- Directed by: Dany Boon
- Written by: Dany Boon
- Produced by: Les Productions du Chicon Éric Hubert
- Starring: Benoît Poelvoorde Dany Boon
- Cinematography: Pierre Aïm
- Edited by: Luc Barnier; Géraldine Rétif;
- Music by: Philippe Rombi
- Distributed by: Pathé Distribution (France) Paradiso Filmed Entertainment (Belgium)
- Release dates: 15 December 2010 (Angers premiere); 26 January 2011 (France);
- Running time: 108 minutes
- Countries: France Belgium
- Language: French
- Budget: $28 million
- Box office: $93.8 million

= Nothing to Declare (film) =

Nothing to Declare (Rien à déclarer) is a 2010 Franco-Belgian comedy film, written and directed by Dany Boon.

==Plot==
On 1 January 1993, two customs officers, one Belgian and the other French, have to deal with closure of their small customs post situated in the middle of the small village of "Courquain" (French) or "Koorkin" (Belgian).

Both a hereditary Francophobe and an over-zealous Belgian customs officer, Ruben Vandevoorde is forced to join the first Franco-Belgian mobile squad. The first French volunteer for the squad is Mathias Ducatel, Vandervoorde's personal bête noire. He does this because he has fallen in love with Vandevoorde's sister Louise, and is afraid to unveil their love because of the trouble it will cause within her family.

Meanwhile, in an effort to raise money for the restaurant No Man's Land during the transition to the Schengen Agreement, Jacques and Irene are hired by a drug trafficker named Duval to pass along information concerning the mobile squad's checkpoints. Unfortunately, the information is rendered useless as Duval's accomplice Tiburce hilariously fails to avoid customs and ends up in jail.

In their pursuit of the drug trafficker, Vandevoorde and Ducatel become close, at first because the priest tells Vandevoorde that his hatred towards the French will lead him straight to hell. But soon, Vandevoorde really starts to think of Ducatel as a good friend until he finds out that Ducatel has been seeing his sister in secret for a year. At that point, he pulls out his gun and tries to shoot Ducatel but his sister stops him, because she loves him.

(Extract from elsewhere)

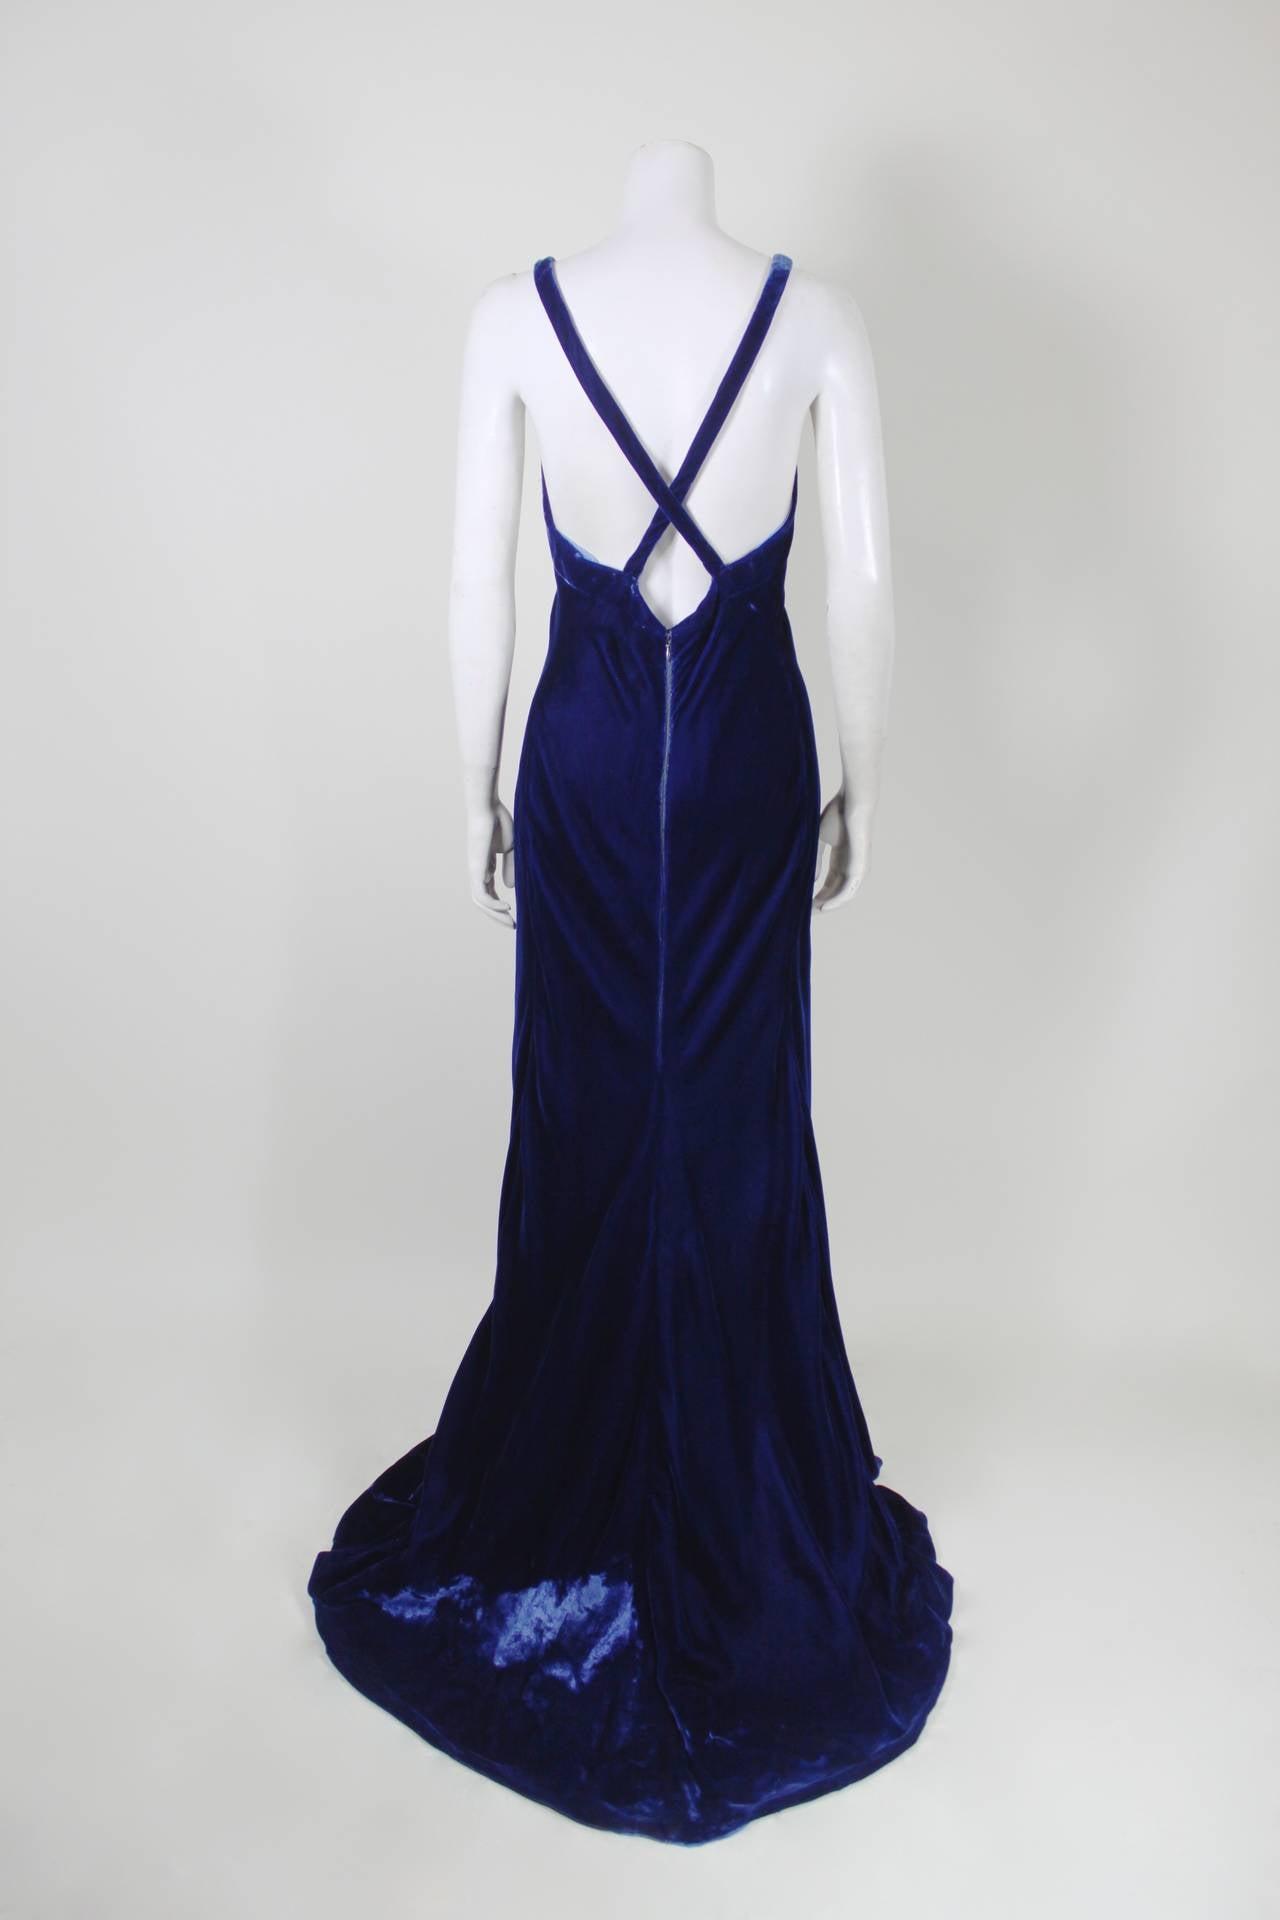 Jacqueline De Ribes Stunning Midnight Blue Velvet Evening Gown For Sale 2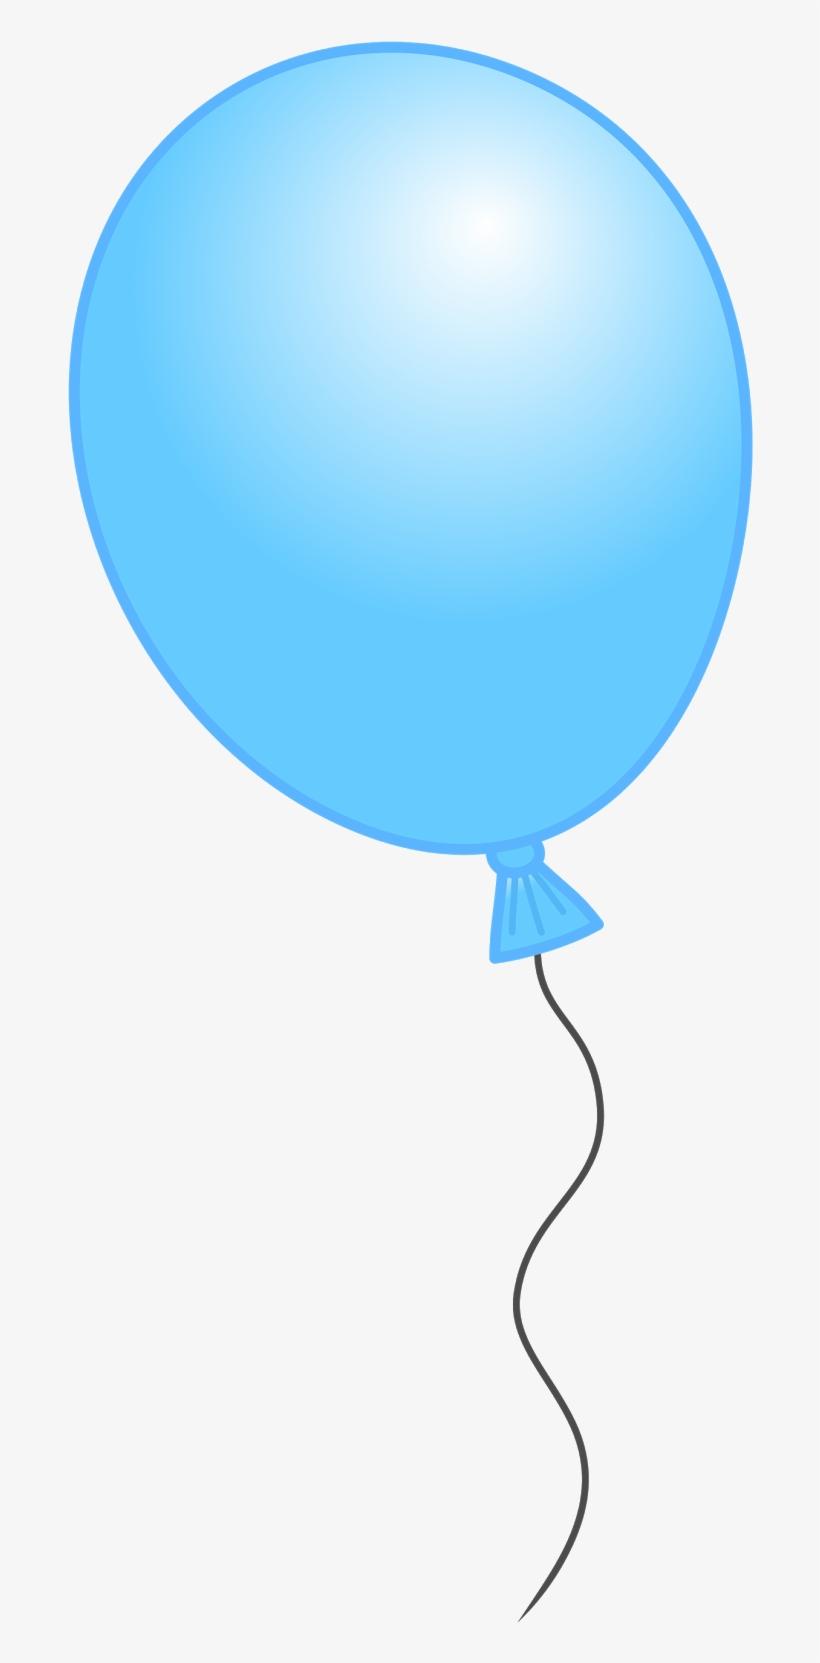 Ballon Clipart Individual Balloon Light Blue Balloon Clip Art Transparent Png 719x1600 Free Download On Nicepng

In the end, Vandevoorde accepts them as a couple but remains a xenophobe and the audience is left in the dark about whether the father, who is much more of a Francophobe, accepts them or not.

==Production==
In an interview with ClapVideo, Dany Boon says that he wrote this film because he wanted to create something as strong as Welcome to the Sticks (French title: Bienvenue chez les Ch'tis). He was inspired by the fact that "we're all a stranger to someone", and that "we all experience some futile rejection that lead us to do stupid things". He also took inspiration of his parents' relationship and transformed it into the love story between Mathias Ducatel and Louise Vandevoorde.

==Reception==
===Box office===
According to Pathé the film sold tickets in the Nord-Pas-de-Calais on the opening night, the biggest film success in the region since Bienvenue chez les Ch'tis.

===Critical response===
One of the major themes of the movie is how the European Union's vision of Europe may be good in theory but in practice can be damaging to the local economy in the border regions.

Critical reception of this film has been generally mixed. AlloCiné has given the film 2.5 out of 5. Rotten Tomatoes lists two reviews from critics, one positive, one negative.